[Haskell-cafe] Better writing about Haskell through multi-metaphor learning
Olaf Klinke
olf at aatal-apotheke.de
Tue Sep 21 19:17:15 UTC 2021
> As noted a few times in this thread List takes multiple paths. The
> "non-determinism" (something that not always explained well, since
> taking all paths is still rather deterministic) extends the simple
> pipeline model.
In principle you could make the different paths race against each other
and return the one that finishes (first). That would be proper non-
determinism.
List, Sequence, Tree and such are set-like monads, which I would put
into the non-determinism corner. Years ago I was experimenting with
decision-making and sequence alignment in particular. The hypothesis
was that if you have a functional program that makes a decision on
exact data, then lifting the program through a suitable monad M will
give you a decision procedure for M-fuzzy inputs. For example, we
managed to implement string matching for the ListT monad transformer,
so you can match fuzzy strings against fuzzy strings. Here a full-text
index (e.g. suffix tree) is itself a special kind of fuzzy string
parametrized by the list monad. Decomposing it into head and tail
takes you simultaneously to every position in the indexed text.
Set-like monads do not fit the pipeline model well, it seems. By the
way, I struggle with the pipeline metaphor. If a monad is a pipeline,
what are the connectors? Is (m a) a piece of pipe and (>>) a connector?

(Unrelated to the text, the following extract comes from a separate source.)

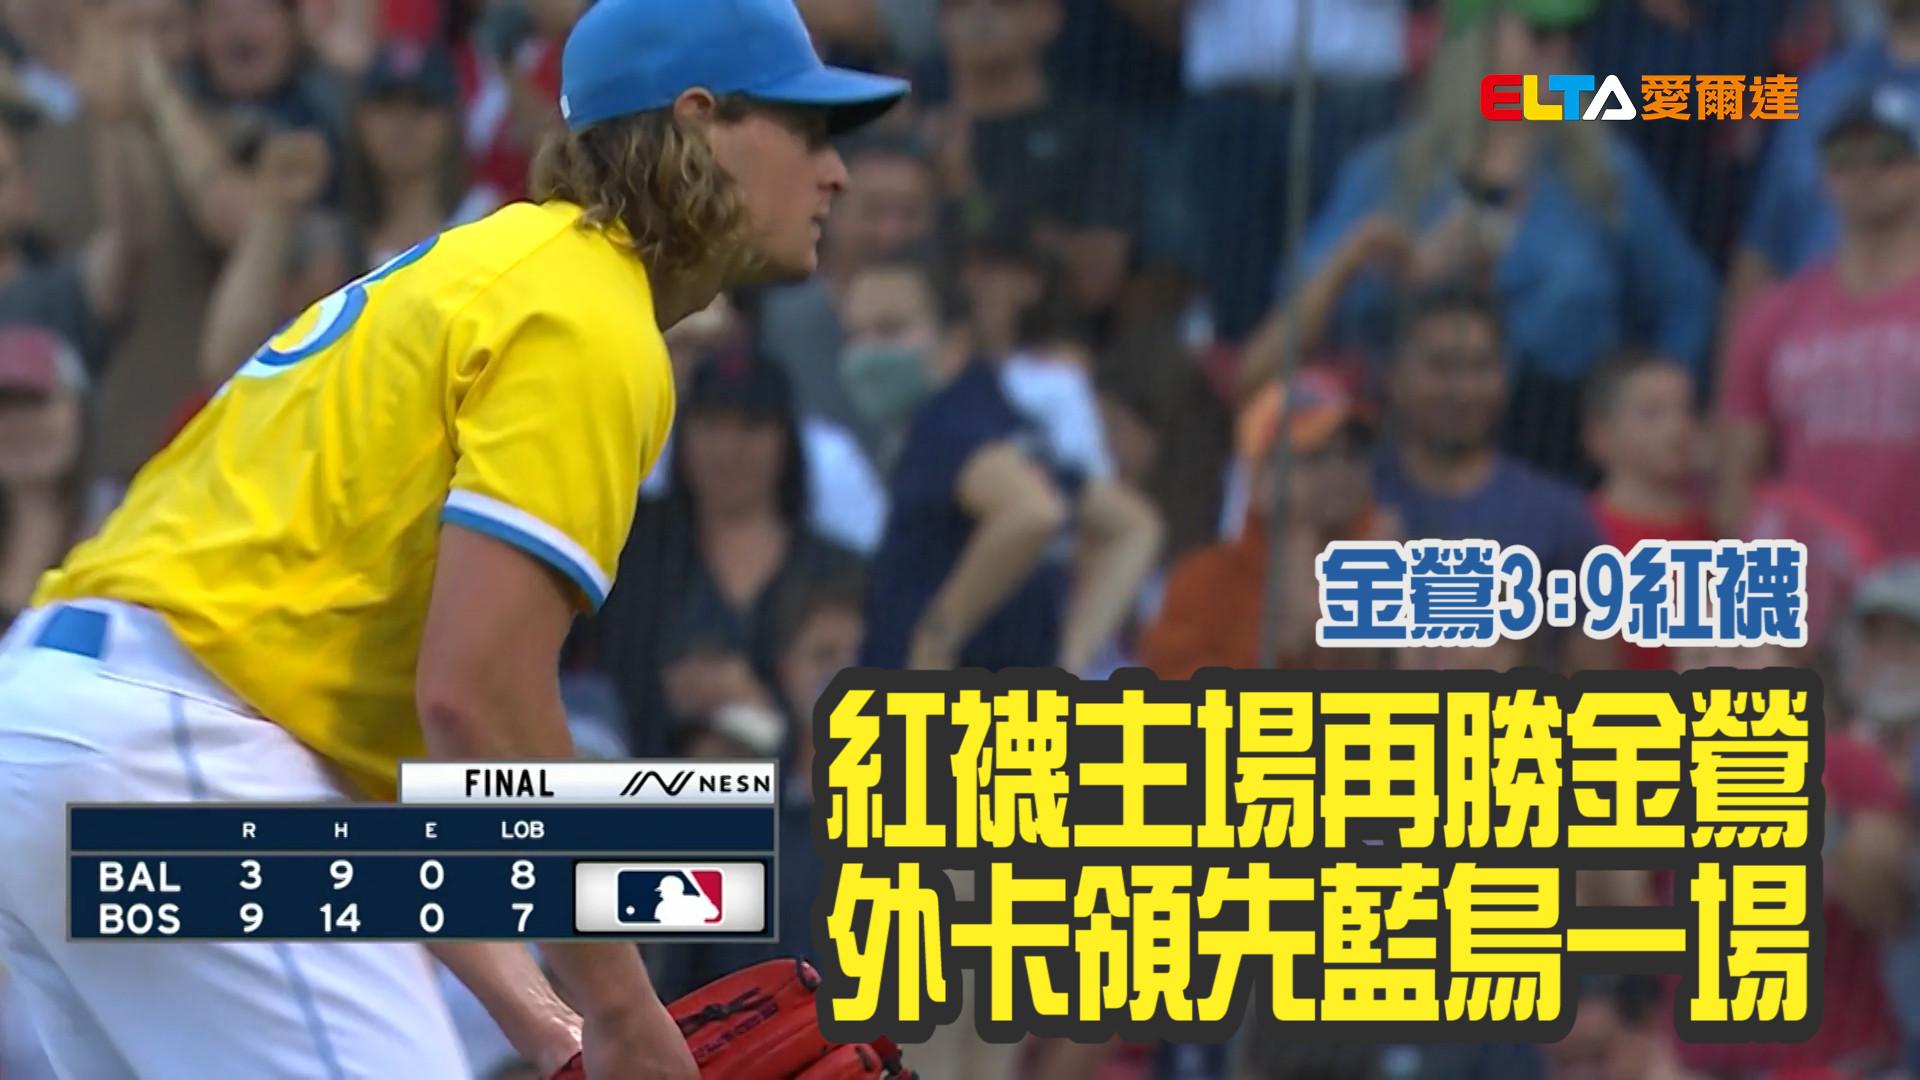 【MLB看愛爾達】紅襪主場再勝金鶯 外卡領先藍鳥一場 9/19
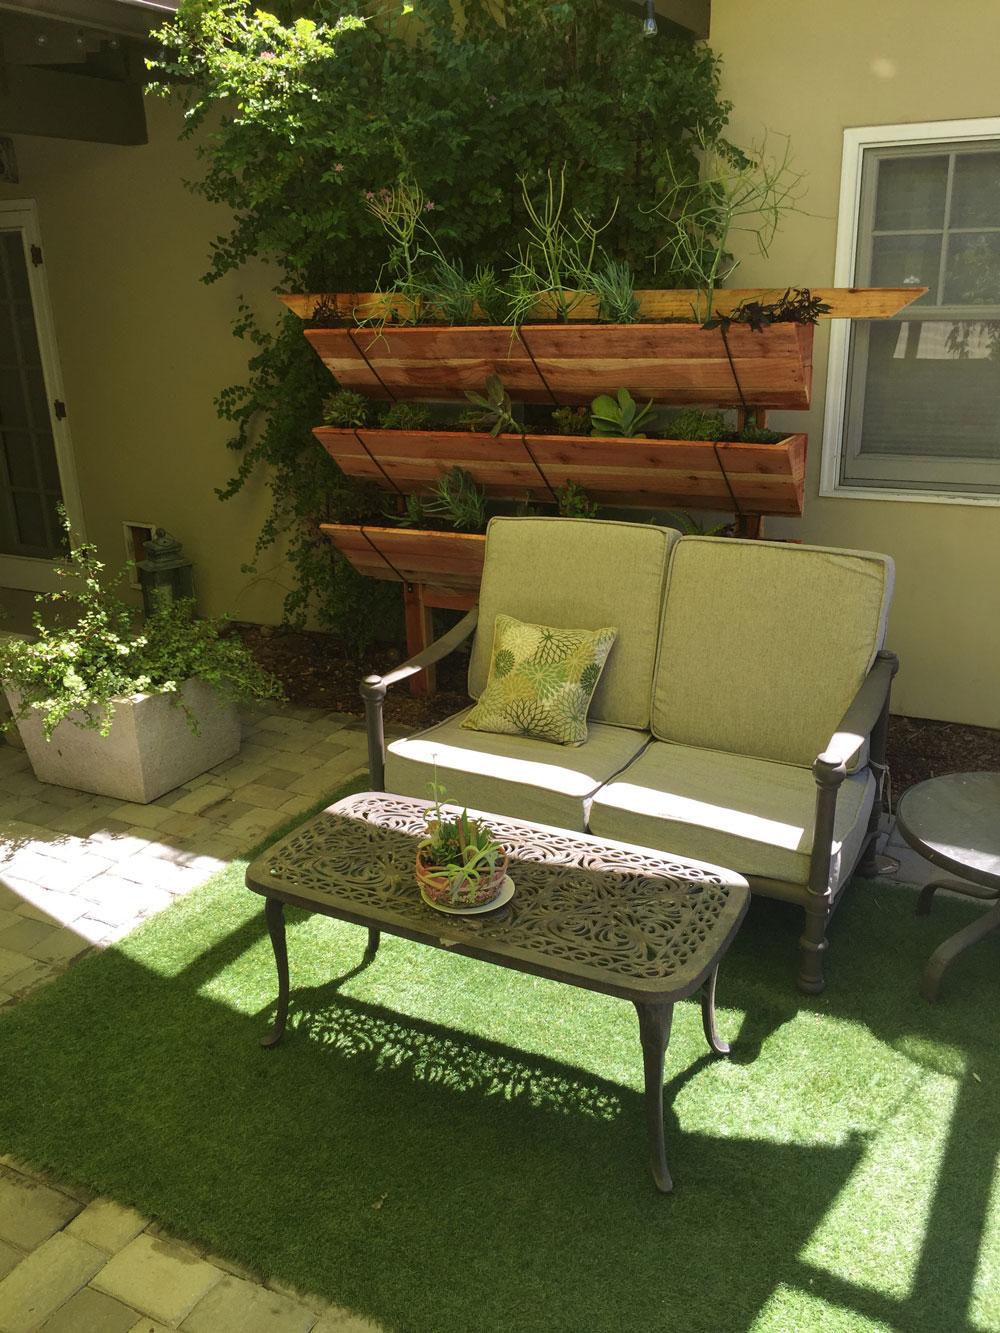 urban sofa gallery blue sofas for sale addition 5 flower street gardens

Or is (a -> m b) a piece of pipe and (>=>) a connector?
In my Haskell exposition for mathematicians I chose the monad of formal
linear combinations for introduction of monads. In this monad M, (M b)
is a vector over basis b, (b1 -> M b2) describes a linear map (matrix)
w.r.t. bases b1 and b2, (<=<) is matrix multiplication and (=<<) is
matrix-vector multiplication. So if you like matrices, mentally replace
(a -> m b) by "linear map" and (m a) by "vector".